1. ## [SOLVED] Equivalence Relations

Prove that if R is a symmetric, transitive relation on A and the domain of R is A, then R is reflexive on A.

I'm not really sure where to start.

2. Originally Posted by Ryaη
Prove that if R is a symmetric, transitive relation on A and the domain of R is A, then R is reflexive on A.
If $x \in A$ then by the fact that $\mbox{dom}R=A \Rightarrow \quad \left( {\exists y \in A} \right)\left[ {\left( {x,y} \right) \in R} \right]$.
By symmetry we know that ${\left( {y,x} \right) \in R}$.
Now you finish.

3. Originally Posted by Plato
If $x \in A$ then by the fact that $\mbox{dom}R=A \Rightarrow \quad \left( {\exists y \in A} \right)\left[ {\left( {x,y} \right) \in R} \right]$.
By symmetry we know that ${\left( {y,x} \right) \in R}$.
Now you finish.
Would you then go on to say:

Since ${\left( {x,y} \right) \in R}$ and ${\left( {y,x} \right) \in R}$ and since transitivity holds on R, then xRy and yRx $\Rightarrow$ xRx (which is the definition of being reflexive)?

Therefore R is reflexive on A.

4. Originally Posted by Ryaη
Would you then go on to say:

Since ${\left( {x,y} \right) \in R}$ and ${\left( {y,x} \right) \in R}$ and since transitivity holds on R, then xRy and yRx $\Rightarrow$ xRx (which is the definition of being reflexive)?

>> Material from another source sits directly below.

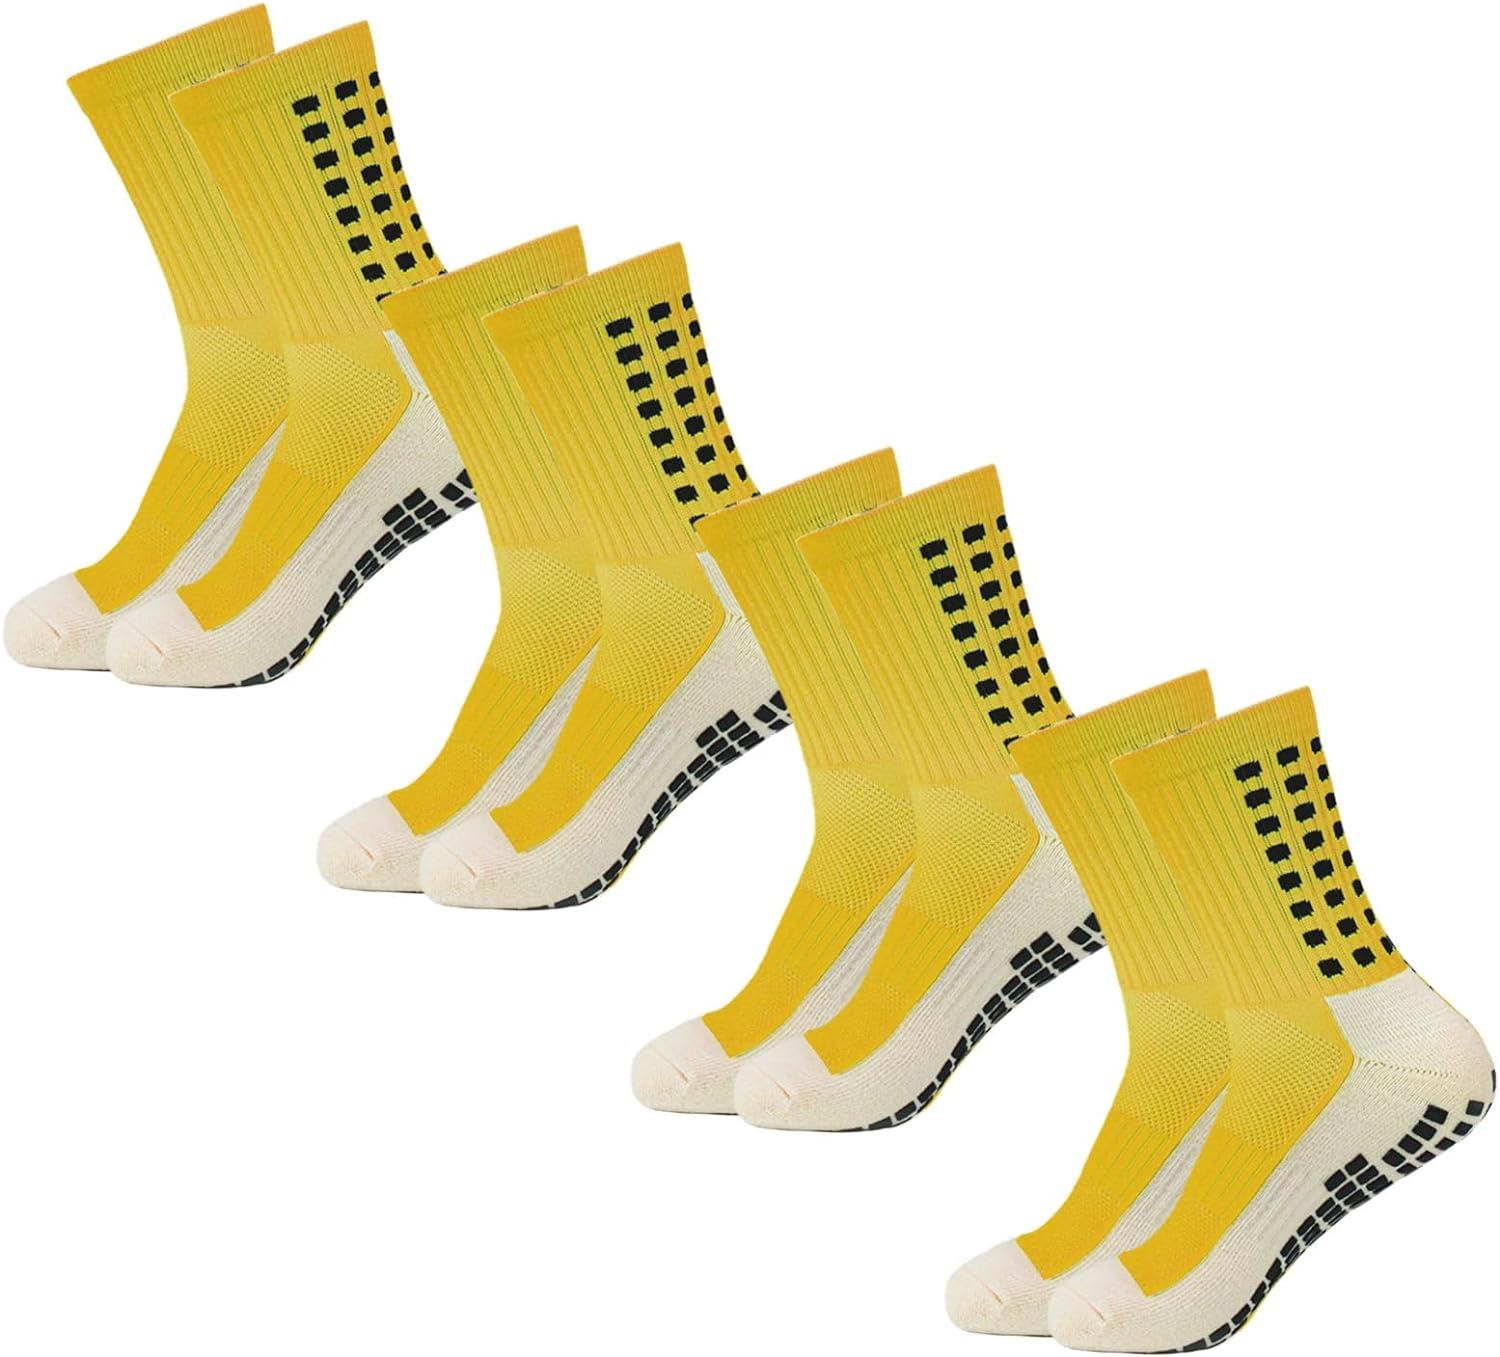 Men's Soccer Socks Anti Slip Non Slip Grip Pads for Football Basketball Sports Grip Socks, 4 Pair

Therefore R is reflexive on A.
yup

i'd word it to fit the definition more, you know, with quantifiers and all that, but yes, that's the basic idea

5. How could I word this to fit the definition better?

Let $x \in A$. $\mbox{dom}R=A \Rightarrow \left( {\exists y \in A} \right)\left[ {\left( {x,y} \right) \in R} \right]$.
By symmetry we know ${\left( {y,x} \right) \in R}$.
Since ${\left( {x,y} \right) \in R}$ and ${\left( {y,x} \right) \in R}$, then by transitivity we know (xRy and yRx) $\Rightarrow$ xRx. (definition of being reflexive)

Therefore R is reflexive on A.

6. Originally Posted by Ryaη
How could I word this to fit the definition better?

Let $x \in A$. $\mbox{dom}R=A \Rightarrow \left( {\exists y \in A} \right)\left[ {\left( {x,y} \right) \in R} \right]$.
By symmetry we know ${\left( {y,x} \right) \in R}$.
Since ${\left( {x,y} \right) \in R}$ and ${\left( {y,x} \right) \in R}$, then by transitivity we know (xRy and yRx) $\Rightarrow$ xRx. (definition of being reflexive)

Therefore R is reflexive on A.

look at how the definitions are in your text, for instance, they usually end with phrases like "for all $x,y \in R$"

7. It's getting kind of late here. Now that I have the main idea down, I'll work on refining it tomorrow. Thank you for all the help!